Mother's Day

by redheadgirl



Category: Pitch (TV 2016)
Genre: Gen, Padres team bonding
Language: English
Status: Completed
Published: 2017-05-20
Updated: 2017-05-20
Packaged: 2018-11-03 00:43:03
Rating: General Audiences
Warnings: No Archive Warnings Apply
Chapters: 1
Words: 2,990
Publisher: archiveofourown.org
Story URL: https://archiveofourown.org/works/10956147
Author URL: https://archiveofourown.org/users/redheadgirl/pseuds/redheadgirl
Summary: Ginny's response to MLB's request for a short clip about her mother.





	Mother's Day

**Author's Note:**

  * Inspired by [Ginny tells it like it is](https://archiveofourown.org/works/9850547) by [redheadgirl](https://archiveofourown.org/users/redheadgirl/pseuds/redheadgirl). 



> This is set in Spring Training at the beginning of her second season in the majors. Every year MLB has players give a 30-60 second soundbite about their mom in honor of Mother's Day. This is what I would imagine Ginny's response would be.
> 
> This is a previously posted chapter in Ginny Tells It Like It Is. It was suggested I make it a separate story, and I bow to that person's substantial experience.

To say Ginny's relationship with her mother was complex would be quite an understatement. There were undercurrents of so many emotions in their relationship it was astounding one of them hadn't drowned. So it was an unwelcome surprise when an MLB public relations official showed up to Spring Training and shoved a microphone into her face with no warning. Behind him was a cameraman, his camera already on his shoulder and ready to record.

"Tell me about your mother," the official prompted.

Ginny blinked in surprise. "Who are you?"

 The man sighed.  "I’m betting they didn’t tell you I’d be coming.

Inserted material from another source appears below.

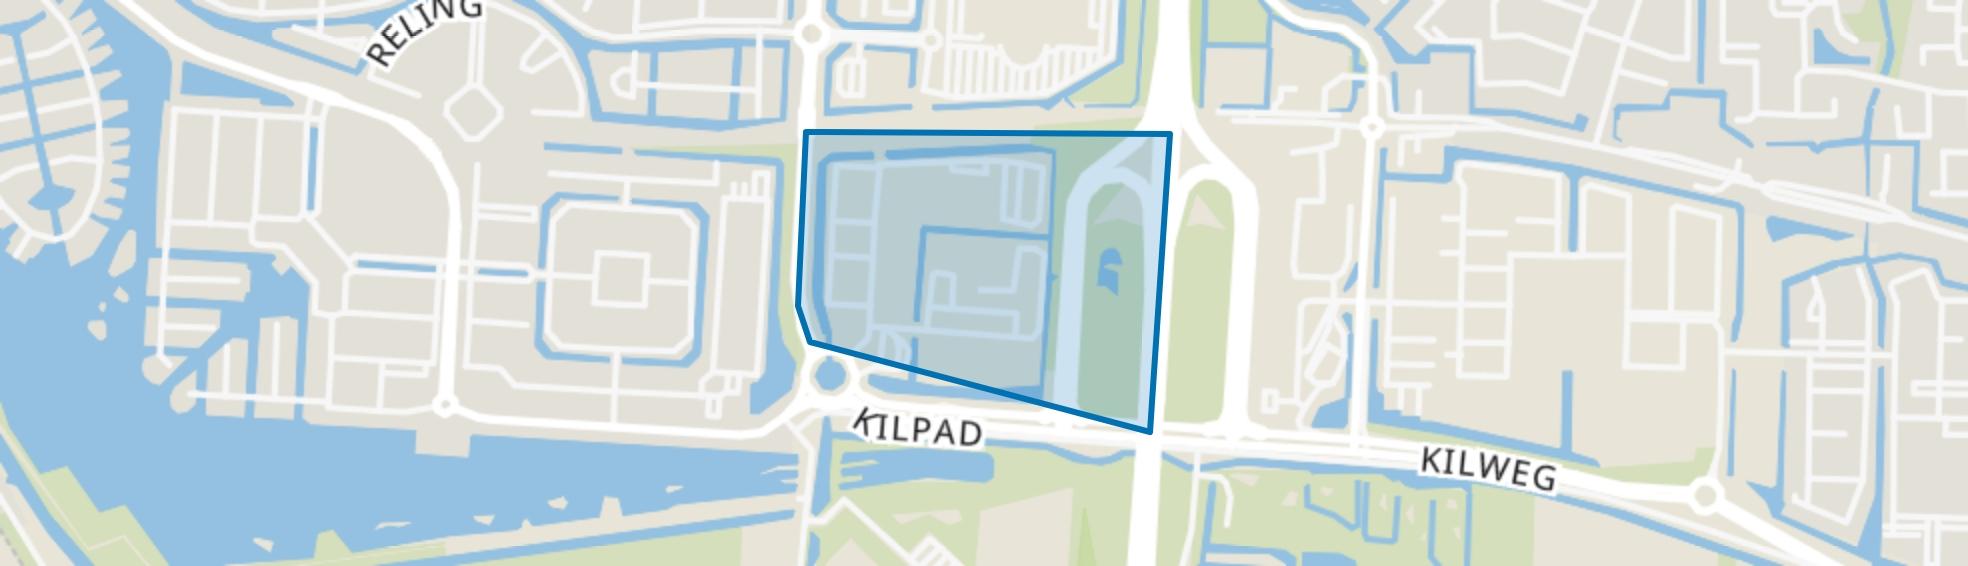 BT Vaanpark 1, Barendrecht map
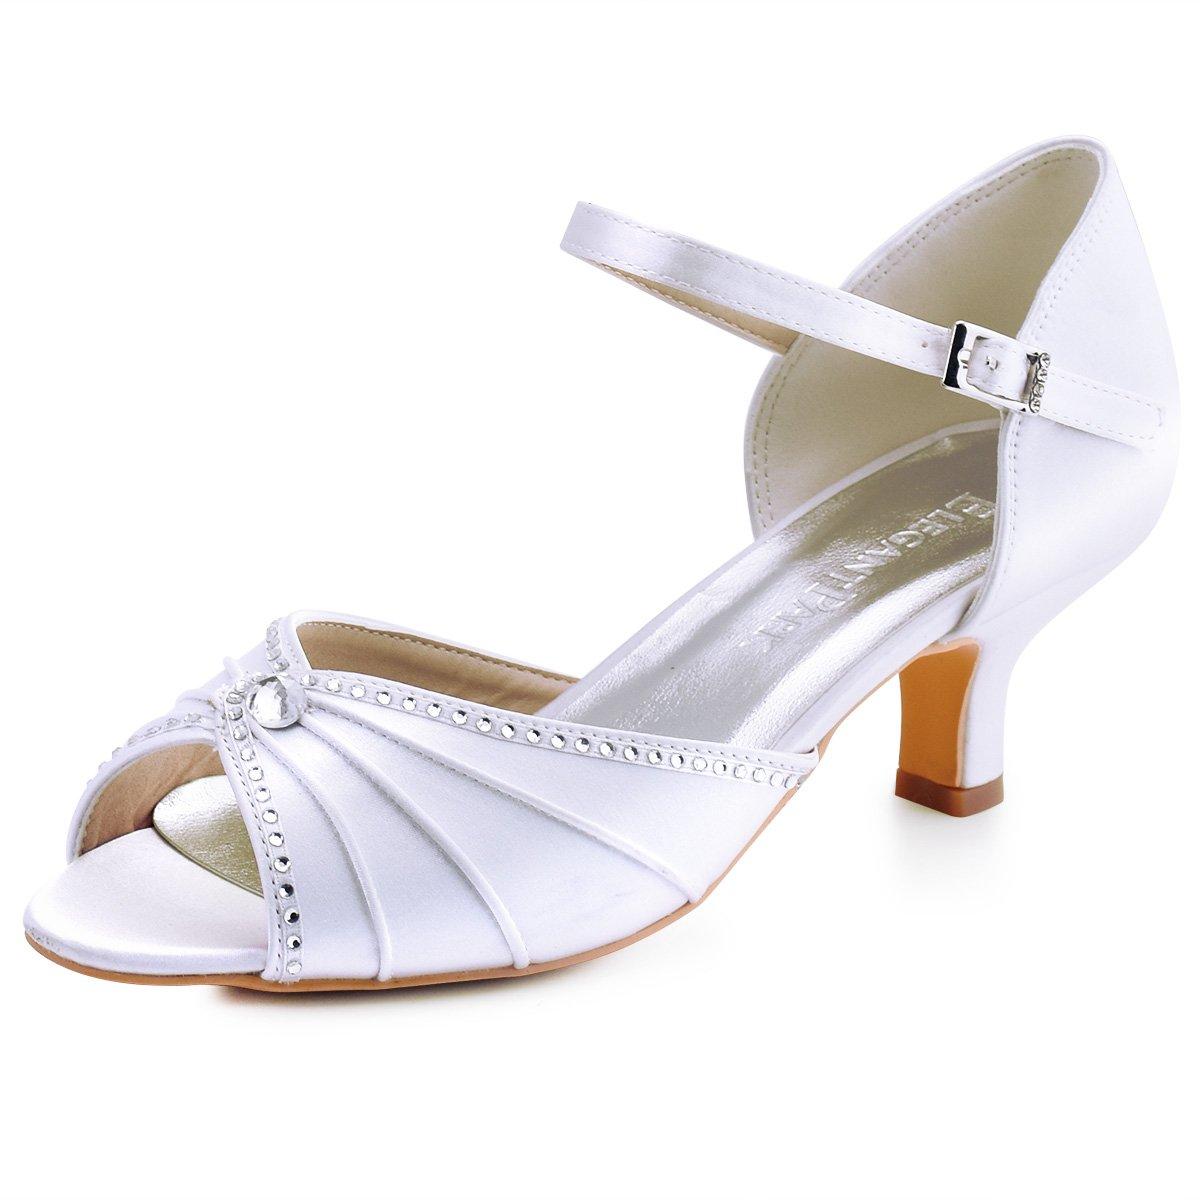 ElegantPark HP1623 Escarpins Satin ElegantPark Bout ouvert Diamant Talon Talon Bas ouvert Sandales chaussures de mariee bal Blanc 9d4a3b2 - gis9ma7le.space

I'm Terrell Green, the director of public relations for Major League Baseball. Every mother's day we do clips of different players talking about the role their mothers played in their life. It doesn't have to be long, just a quick story and a comment about how much she means to you."

“I’d prefer not to,” Ginny told him.

Terrell gave her a tight smile. “I understand, but the commissioner really wants to hear from you. You offer a unique perspective.”

Ginny crossed her arms. “Why? Because I’m the only one with a mother?”

Terrell held his smile, but the cameraman shuffled uncomfortably. “No…”

Ginny nodded her head. “Is it because I’m the only one in MLB with ovaries?”

Both men choked on air. “Ginny, that’s not true.”

“So I’m not the only one in MLB with ovaries?” Perversely, Ginny was beginning to enjoy herself.

That brought out a bark of laughter from the cameraman, but Terrell looked like he was gritting his teeth. “No, it’s not only because you have ovaries.”

“So then why do I have to do it?”

Mike came up behind her. They had just finished a bullpen session, and Mike had stayed behind to talk over her rehab with the pitching and training staffs. “What’s going on?”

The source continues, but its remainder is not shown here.